Episodes
Tuesday Jan 16, 2024
Epiphany - Chaplain Valerie Salked
Tuesday Jan 16, 2024
Tuesday Jan 16, 2024
Chaplain Valerie Salkeld spoke about Epiphany. Have you had an Epiphany? What is it and why does it matter? Let's not overlook the significance of what we have just celebrated and think about it some more.
We had some sound problems which resulted in the beginning of Valerie's sermon not being recorded. Please read the introduction below before listening to the recording.
Epiphany - Introduction
Happy New Year everyone. How was the Christmas season for you? Many Christians around the world celebrate Christmas as a season - not just a day. After Advent, the Christmas season is 12 days long and the readings and focus are meant to take us deeper into commitment, understanding, faith, and perhaps most poignant of all, hope.
I noticed that as we approached New Year’s Eve, many people I chatted with did not have any plans; no parties to attend and there wasn’t the typical anticipation of what is to come in 2024. People are hesitant and cautious. There is little hope.
As one does during this season, I have been reading a lot in Isaiah and the words from Isaiah 43:18-19 come to mind as I think about our next year.
18 “Forget the former things;
do not dwell on the past.
19 See, I am doing a new thing!
Now it springs up; do you not perceive it?
I am making a way in the wilderness
and streams in the wasteland.
This passage talks about direction and nourishment in difficult places.
This will become the theme for us that Pastor Jeff introduced us to last week – “freely and lightly”.
Christmas is a time of reflection and rejoicing; joy to the world, the Lord is come! We decorate, we buy, we invite, we eat, we ring in the new year, and reflect some more, and eat some more. We may even make a list of hopes for the new year. Yet, we know this is not all there is to it. The season is meant to be filled with the awareness of the ongoing work of God within Jesus who came, but also God with - or within - us. This is the foundation of our own hope.

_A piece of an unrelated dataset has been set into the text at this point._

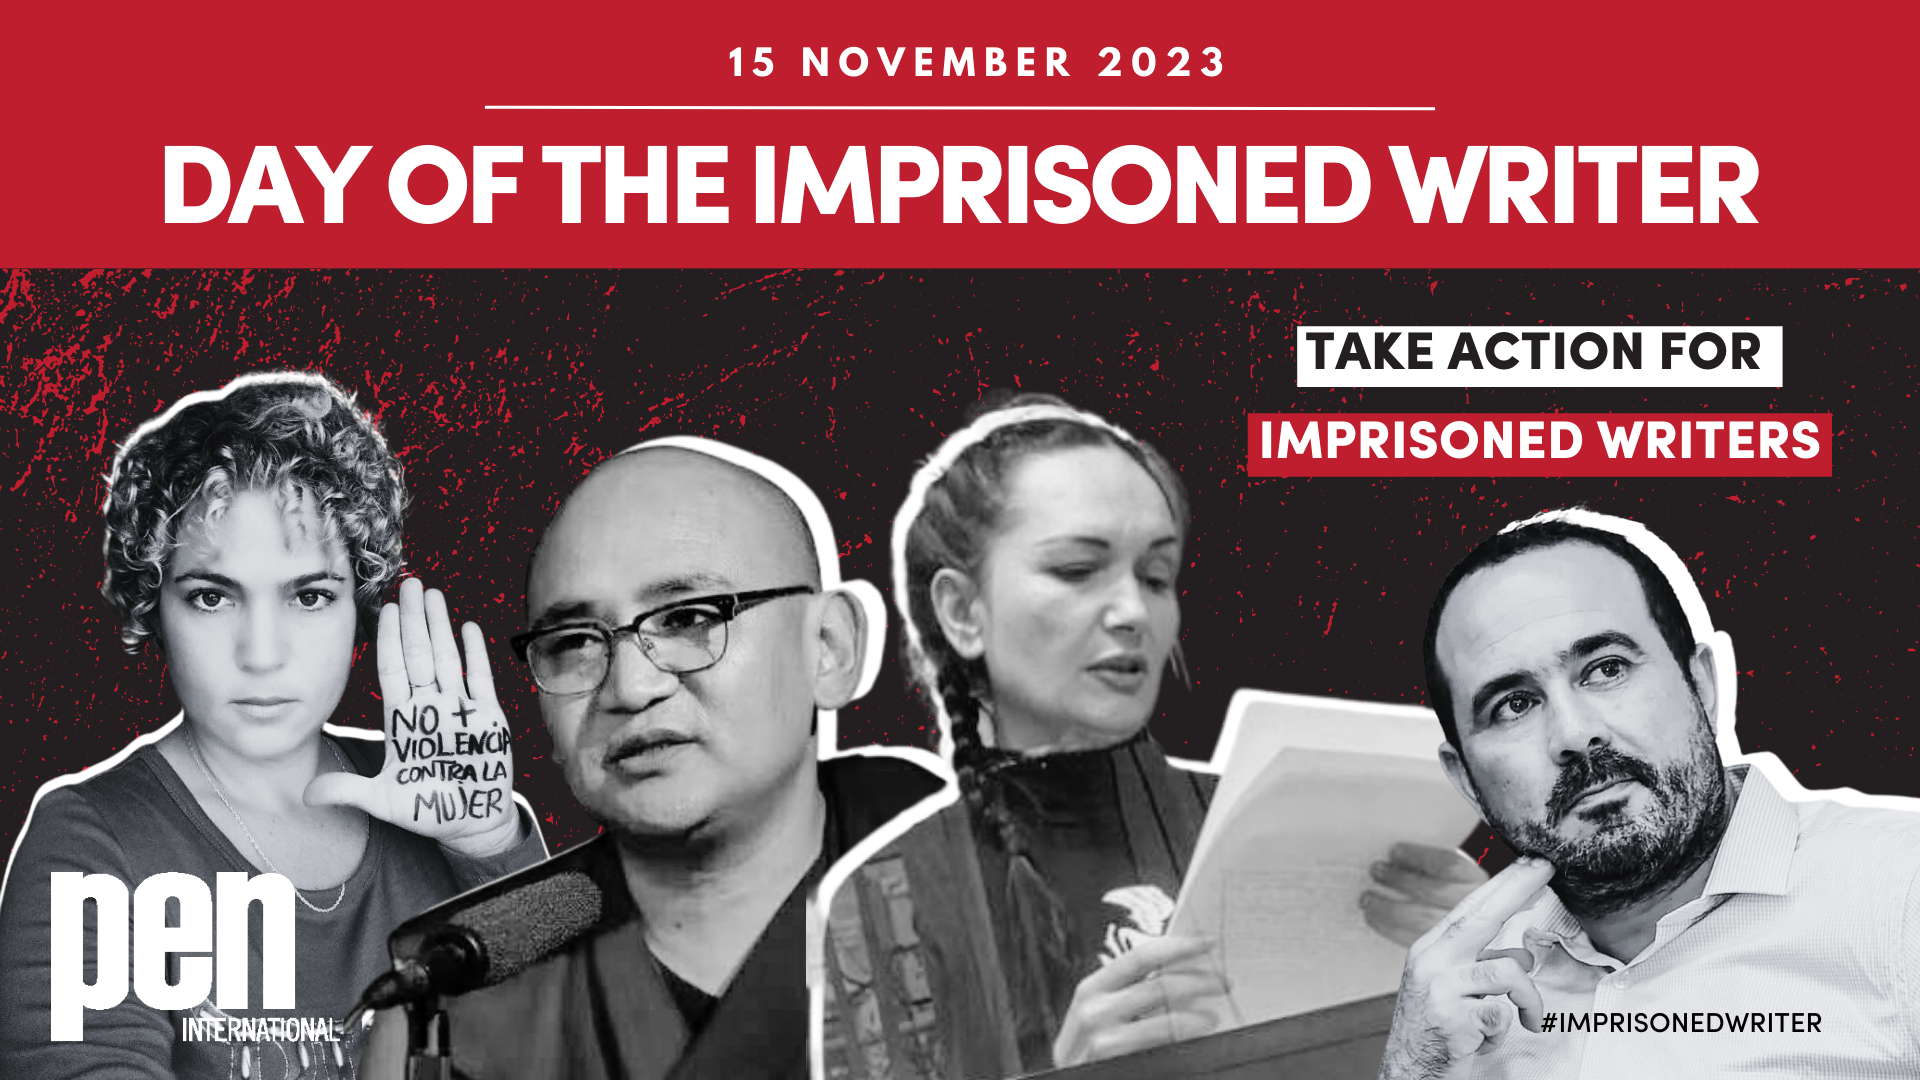 A photo of th four authors supported by the Day of the Imprisoned Writer Campaign

Jesus came and was born at a time of great oppression and turmoil, a time of great darkness. Has anything changed? The facts are different, but there is great oppression and turmoil and there is great darkness in our world today as well. Jesus is with us today. He is our light and He is our hope. Jesus came to free us and give light - Freely and Lightly.
Yesterday was Epiphany. Traditionally, it is the day many take down the tree and put away the decorations as we move into the next season on the Christian calendar. But what is it and why does it matter? Epiphany encourages us to not overlook what we have just seen - the coming of Jesus and to think about it some more.
The word epiphany means “manifestation” or “revelation.”
Depending on the church tradition, Epiphany means different things.
- In some traditions, Christians focus on the baptism of Jesus.
- In other traditions, the Church focuses on the story when the wise men were led by the star to visit baby Jesus.
- Both focal points reveal who Jesus was/is -
- He was human and His baptism was the manifestation to the world that He was the Divine.
- And in the Magi coming to see Him, He was the Divine becoming human - coming in physical form.
- He was the Messiah for whom Israel had been waiting.
- He is the Light of the world.
This is the season of readings. We watch and listen as God is quietly revealed before us once again.
- We also listen and watch what is happening in our lives.
- Sometimes, even when we try hard to do so, we just don’t see God in our everyday lives or in the events of our world.
- Epiphany gives us the time to remember to watch, wait, listen, look, and anticipate the light, life, and truth of the Lord’s presence in our midst.
Let’s look at two stories:
First, Matthew 2: 1 – 12
2 After Jesus was born in Bethlehem in Judea, during the time of King Herod, Magi[a] from the east came to Jerusalem 2 and asked, “Where is the one who has been born king of the Jews? We saw his star when it rose and have come to worship him.”
3 When King Herod heard this he was disturbed, and all Jerusalem with him. 4 When he had called together all the people’s chief priests and teachers of the law, he asked them where the Messiah was to be born. 5 “In Bethlehem in Judea,” they replied, “for this is what the prophet has written:
6 “‘But you, Bethlehem, in the land of Judah,
are by no means least among the rulers of Judah;
for out of you will come a ruler
who will shepherd my people Israel.’[b]”
7 Then Herod called the Magi secretly and found out from them the exact time the star had appeared. 8 He sent them to Bethlehem and said, “Go and search carefully for the child. As soon as you find him, report to me, so that I too may go and worship him.”
9 After they had heard the king, they went on their way, and the star they had seen when it rose went ahead of them until it stopped over the place where the child was. 10 When they saw the star, they were overjoyed. 11 On coming to the house, they saw the child with his mother Mary, and they bowed down and worshiped him. Then they opened their treasures and presented him with gifts of gold, frankincense, and myrrh. 12 And having been warned in a dream not to go back to Herod, they returned to their country by another route.